Почистив трубку и убрав ее, он уставился на меня, и тут только я почувствовал, что все тело мое онемело, словно пропиталось ментолом. Лицо отяжелело, и челюсти болели. Я не мог удержать рот закрытым, но потока слюны не было. Рот мой высох и горел, и все же я не чувствовал жажды. Вся голова пылала необычайным жаром. Холодным жаром! Дыхание, казалось, разрывает ноздри и верхнюю губу при каждом выдохе. Но оно не обжигало. Оно жгло холодом, как кусок льда.

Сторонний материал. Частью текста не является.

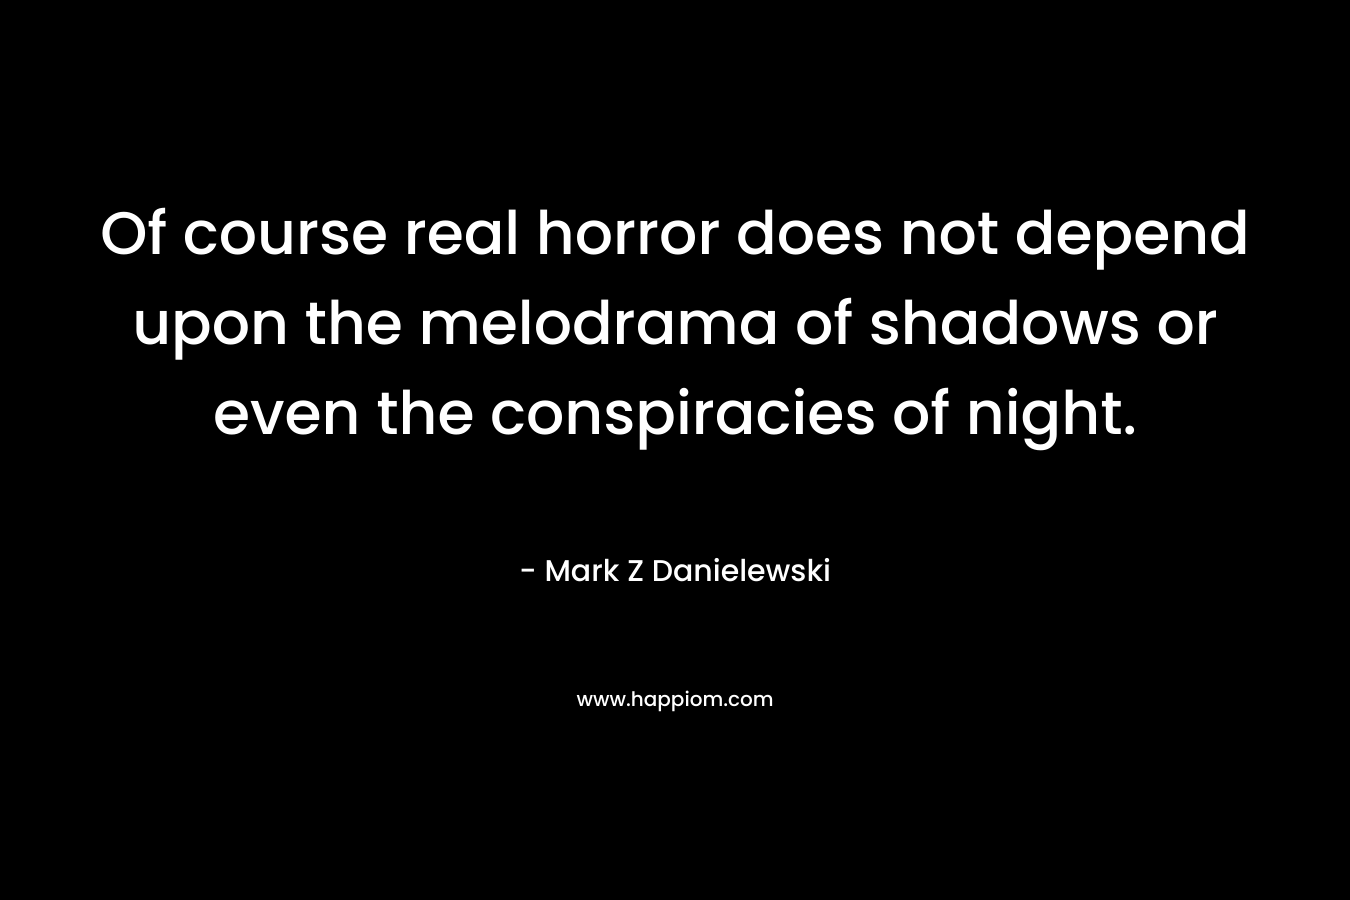 Of course real horror does not depend upon the melodrama of shadows or even the conspiracies of night. – Mark Z Danielewski

Дон Хуан неподвижно сидел рядом со мной, справа, и держал чехол с трубкой на полу, как бы прижимая его с силой. Мои ладони были тяжелы. Руки ломило, они оттягивали плечи вниз. Из носа текло. Я вытер его тыльной стороной ладони — и снял напрочь свою верхнюю губу! Вытер лицо — и снял с него все мясо! Я таял! Я чувствовал, как будто плоть моя действительно тает. Вскочил на ноги и попытался за что-нибудь ухватиться — за что угодно, что могло бы меня поддержать. Ужас охватил меня, ужас, какого я не испытывал раньше. Я ухватился за столб, подпиравший потолок в центре комнаты. Простоял там секунду, затем повернулся и взглянул на дона Хуана. Он все еще сидел неподвижно с трубкой в руках и глядел на меня.

Дыхание мое было болезненно-горячим (или холодным?) и сдавливало горло. Я наклонил голову вперед, чтобы дать ей отдохнуть на столбе, но, видимо, промахнулся, и голова продолжала опускаться мимо точки, где находился столб. Я задержался уже у самого пола. Выпрямился. Столб был тут, перед моими глазами! Я снова попробовал прислонить к нему голову. Постарался владеть собой и не отвлекаться, держал глаза открытыми, наклоняясь вперед, чтобы коснуться столба лбом. Он был в нескольких дюймах от моих глаз, но, положив на него голову, я самым странным образом ощутил, что голова прошла прямо сквозь столб.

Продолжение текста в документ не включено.